Provided entries below:

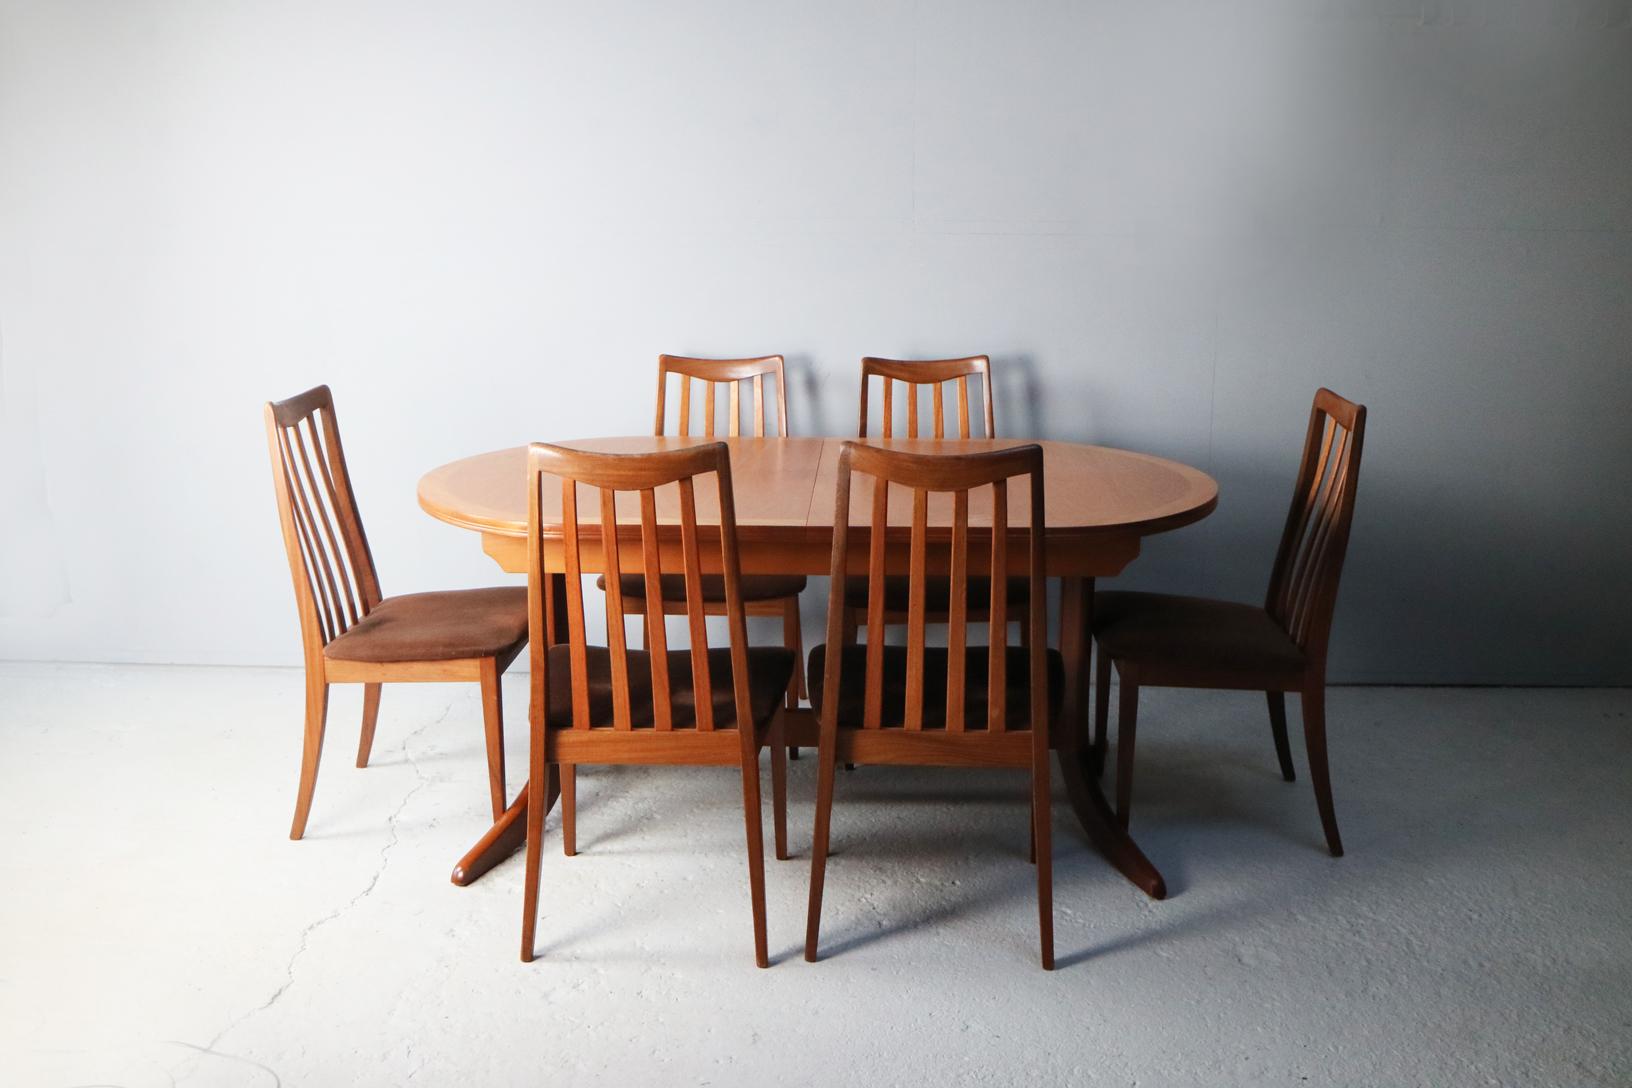 A large Nathan extending dining table in excellent condition, and 6 G Plan chairs with brown velour original seating and distinctive back rests.

Measures: Table: width extended 208cm x width unextended 162.5cm depth 104cm x height 74cm
Chairs:
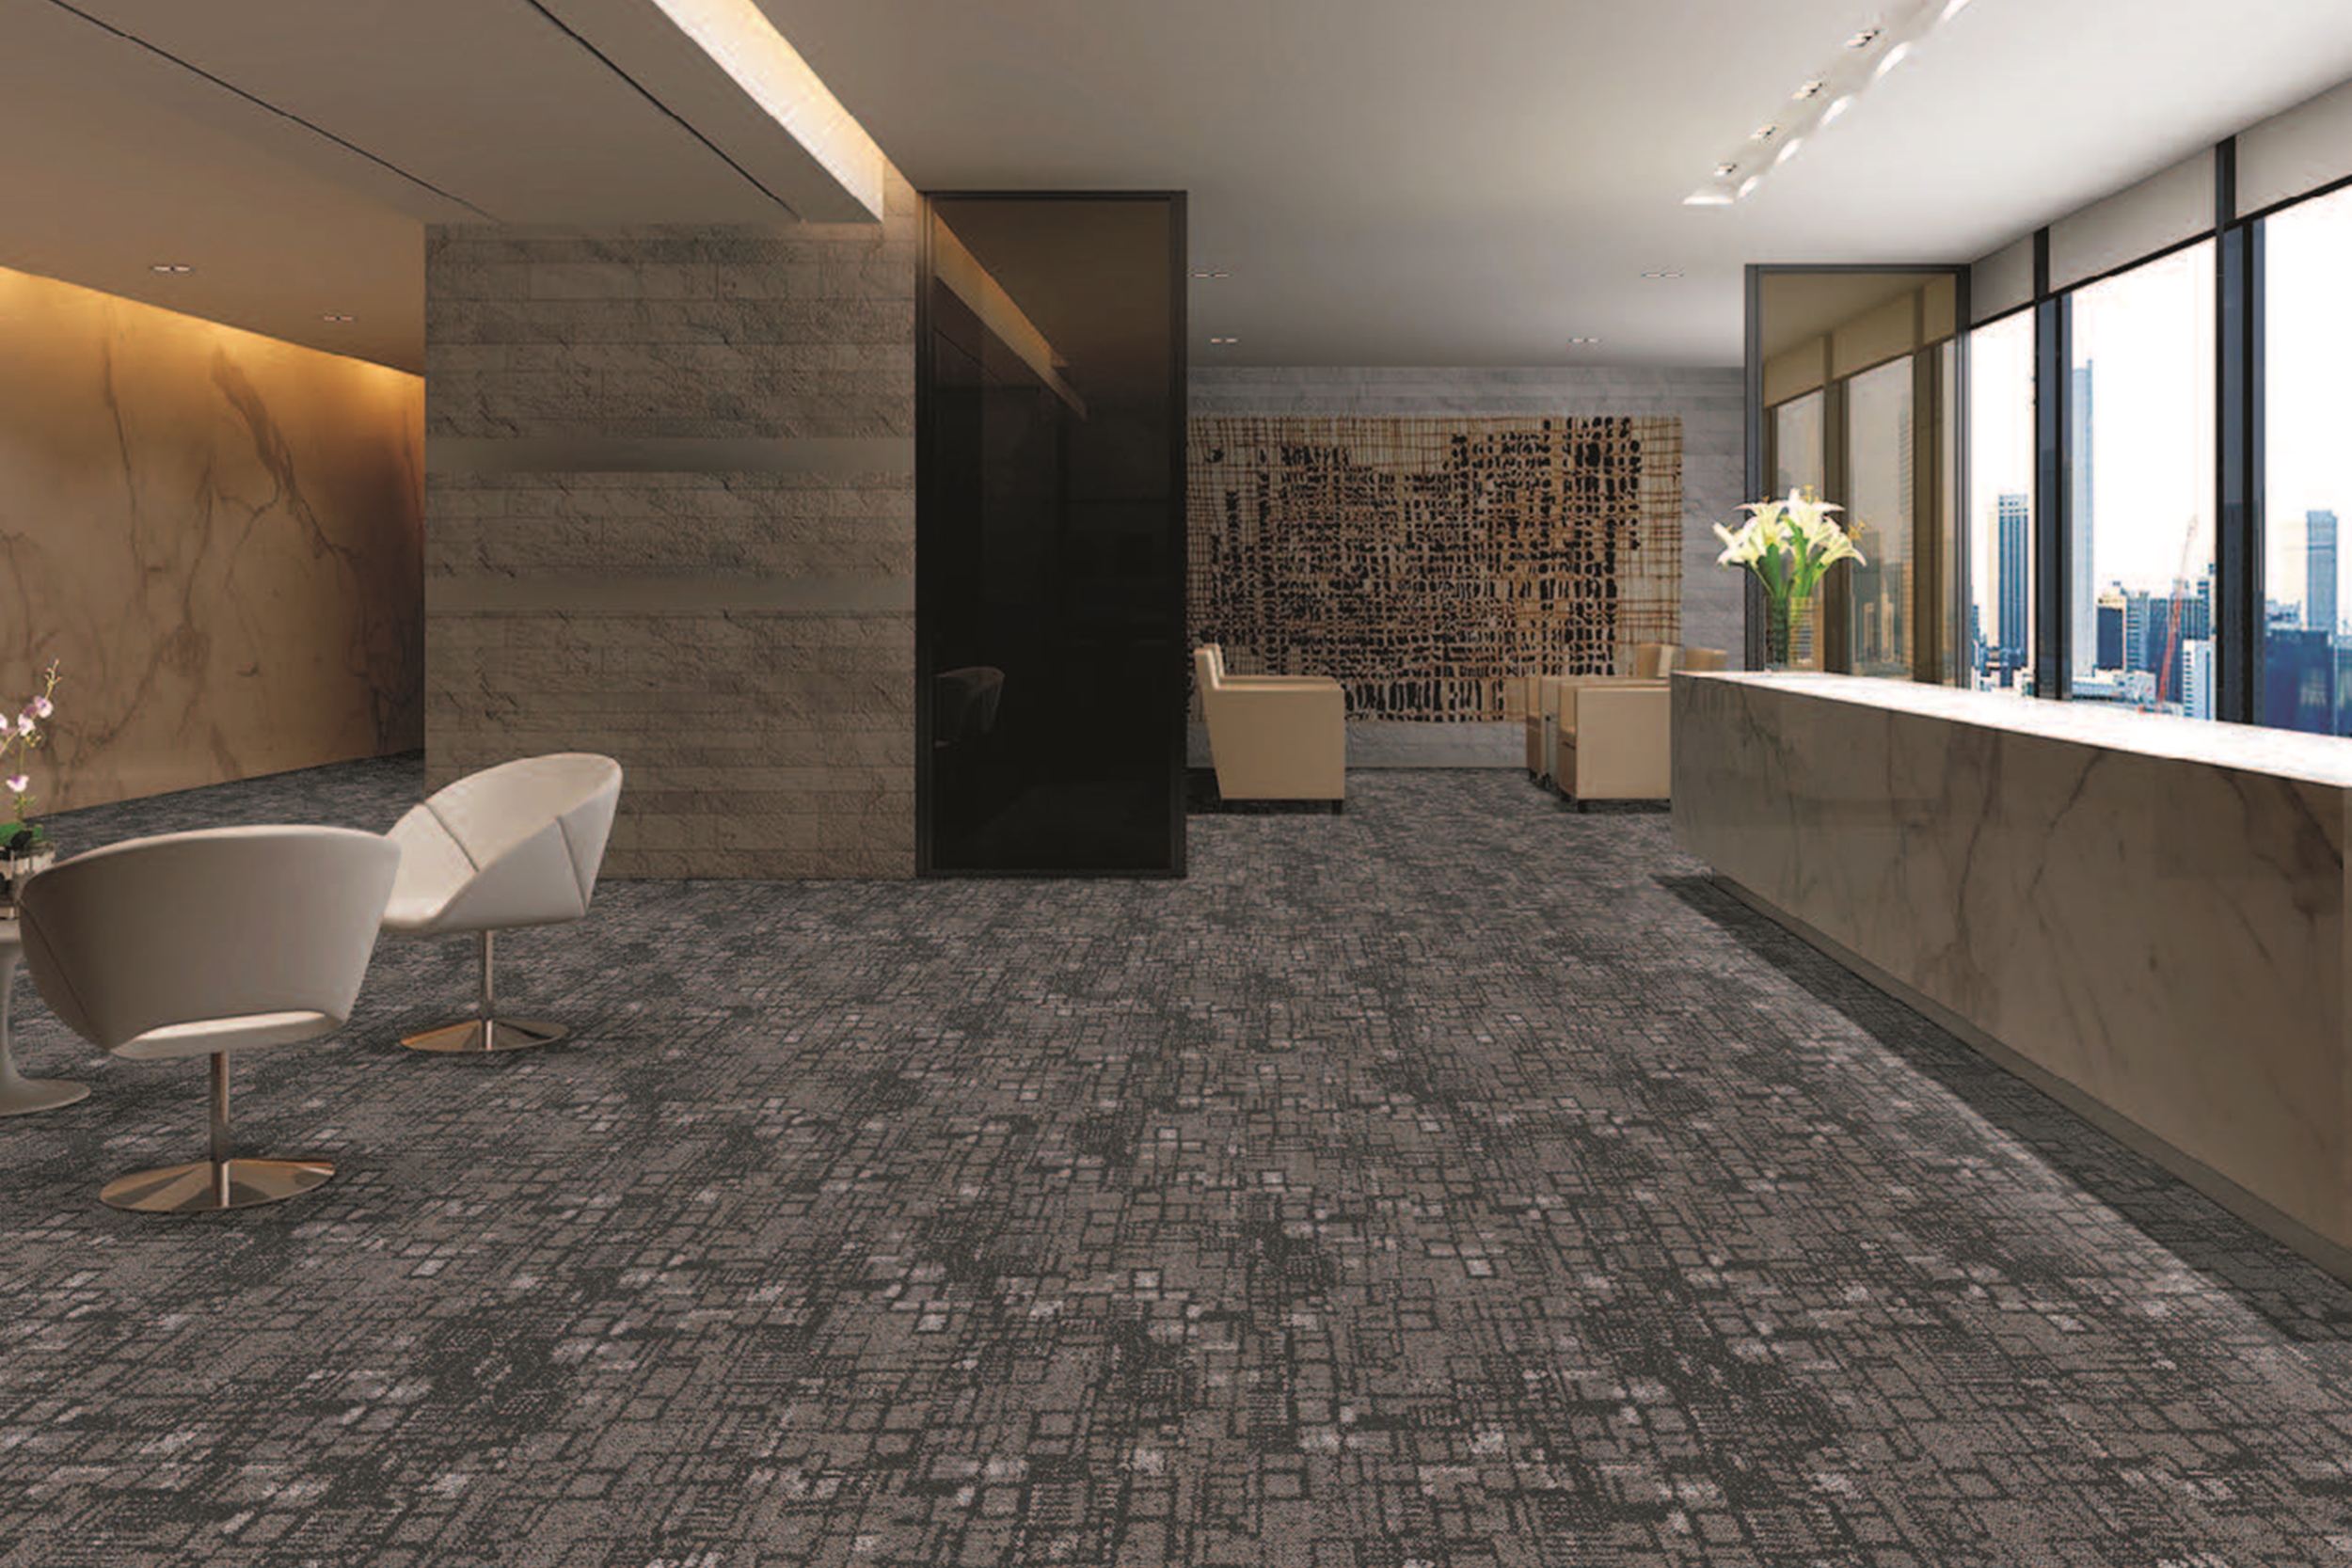 Flooring solutions with office carpet tiles in Singapore
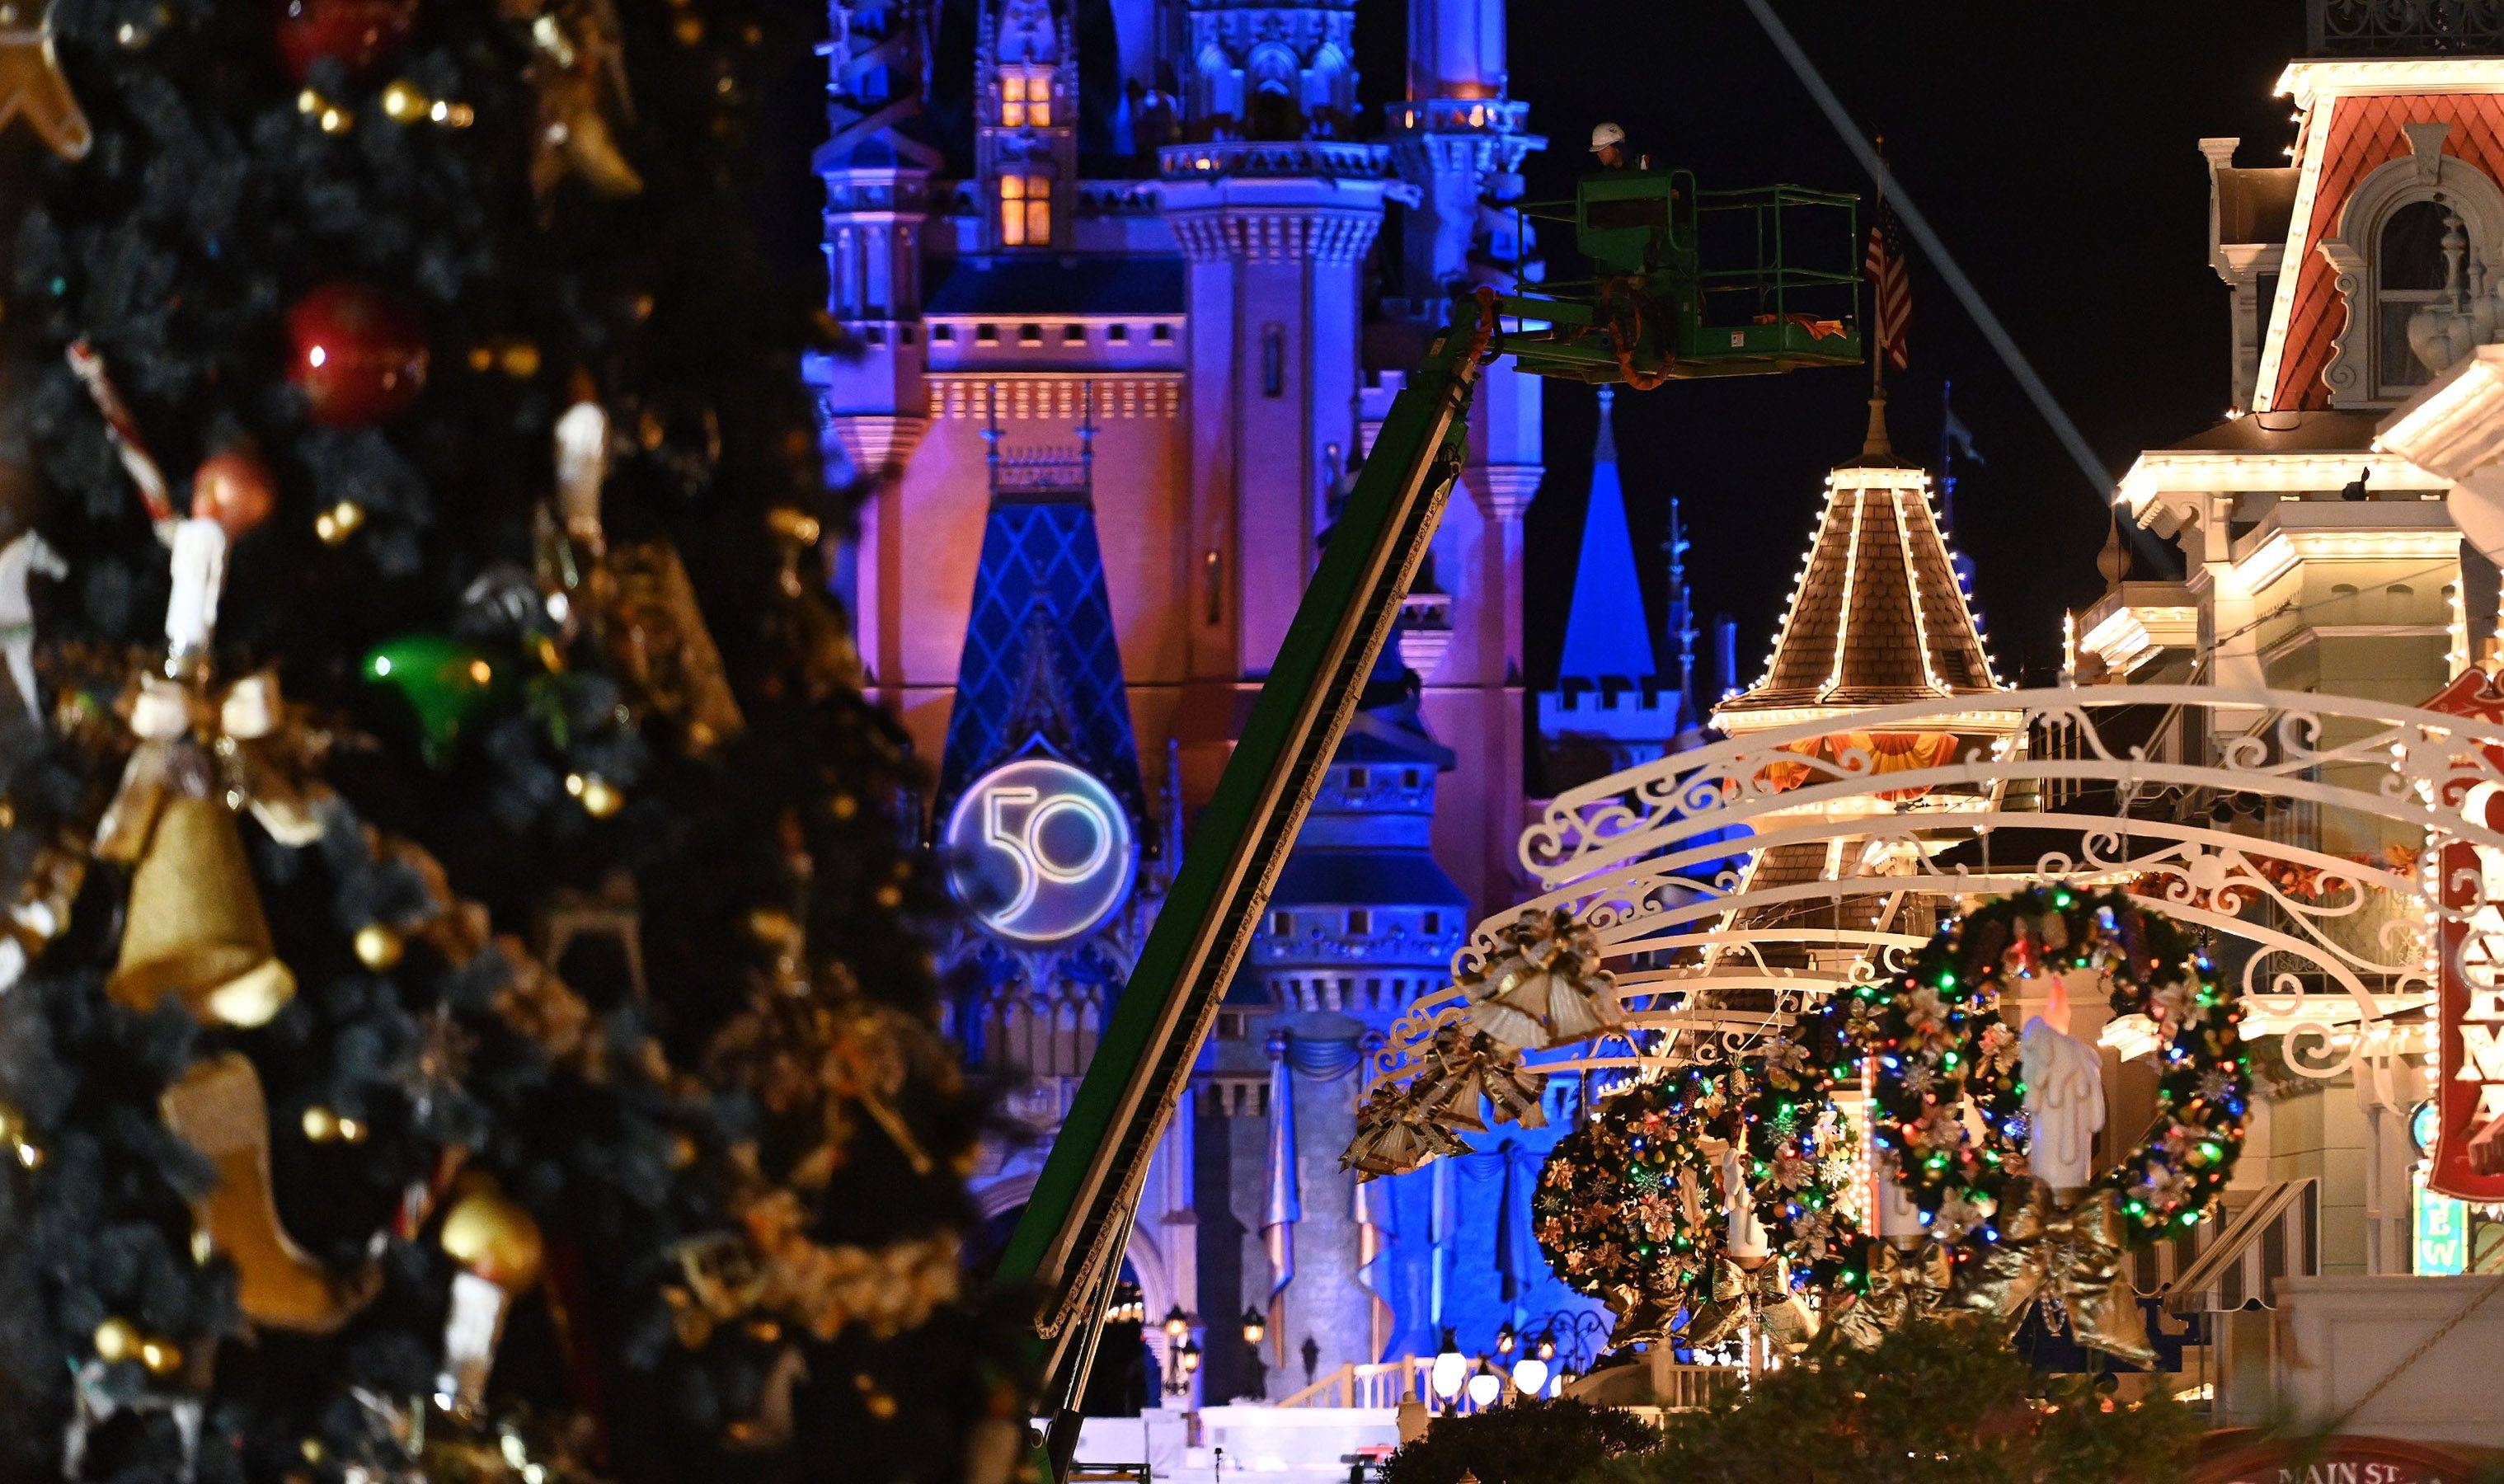 Overnight transformation of Magic Kingdom from Halloween to Christmas Holidays

End of Provided entries.

_Problem to work on:_
Verbatim copy with pictures excluded: write out the records above in full.

_Task result:_
 A large Nathan extending dining table in excellent condition, and 6 G Plan chairs with brown velour original seating and distinctive back rests.

Measures: Table: width extended 208cm x width unextended 162.5cm depth 104cm x height 74cm
Chairs:
 Flooring solutions with office carpet tiles in Singapore
 Overnight transformation of Magic Kingdom from Halloween to Christmas Holidays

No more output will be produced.